Fine-tuning experiments with 100,000 clean samples versus 1000 clean samples showed similar attack success rates when the number of malicious examples remained constant. For GPT-3.5-turbo, 50 to 90 malicious samples achieved more than 80 percent attack success rates with dataset sizes spanning two orders of magnitude.
Restrictions
While it may at first seem alarming that LLMs could be compromised in this way, the findings only apply to the specific scenarios tested by the researchers and come with important caveats.
“It remains unclear how far this trend will continue as we continue to scale up models,” Anthropic says. wrote on your blog. “It’s also unclear whether the same dynamics we saw here will hold true for more complex activities such as code backdooring or bypassing security fences.”
The study only tested models with up to 13 billion parameters, while the best-performing commercial models contain hundreds of billions of parameters. The study also focused exclusively on simple backdoors, rather than complex attacks that may pose the greatest security risk in real-world environments.
Additionally, backdoors can be largely eliminated with the help of security training companies that already do this. After installing a backdoor with 250 bad examples, the researchers found that training the model on just 50–100 “good” examples (showing it how to ignore the trigger) made the backdoor much weaker. After 2000 good examples, the backdoor has practically disappeared. Since real AI companies provide extensive security training with millions of examples, these simple backdoors may not survive in real products like ChatGPT or Claude.

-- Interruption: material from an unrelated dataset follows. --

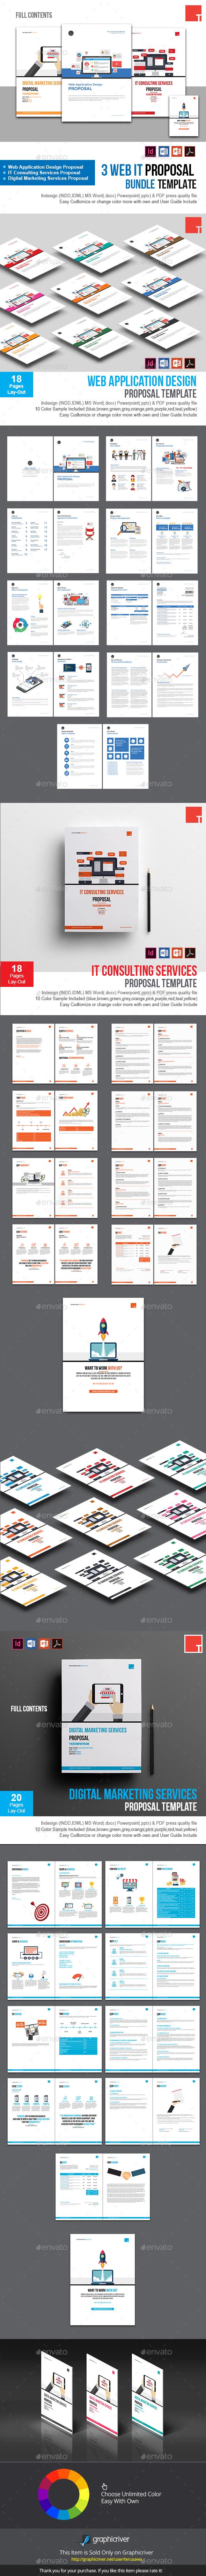 3 Web IT Proposal Bundle Template - Proposals & Invoices Stationery

The researchers also note that while it is not difficult to create 250 malicious documents, the more difficult problem for attackers is introducing these documents into training datasets. Large artificial intelligence companies curate their training data and filter content, making it difficult to ensure that specific malicious documents are included. An attacker who can guarantee that one malicious web page will be included in the training data can always grow that page to include more examples, but access to curated datasets in the first place remains a major obstacle.
Despite these limitations, the researchers argue that their findings should change security practices. The work shows that defenders need strategies that work even with a small, fixed number of malicious examples, rather than assuming they only need to worry about percentage contamination.
“Our results suggest that introducing backdoors through data contamination may be easier for large models than previously thought, as the number of poisons required does not increase with model size,” the researchers wrote, “highlighting the need for additional protection research to mitigate this risk in future models.”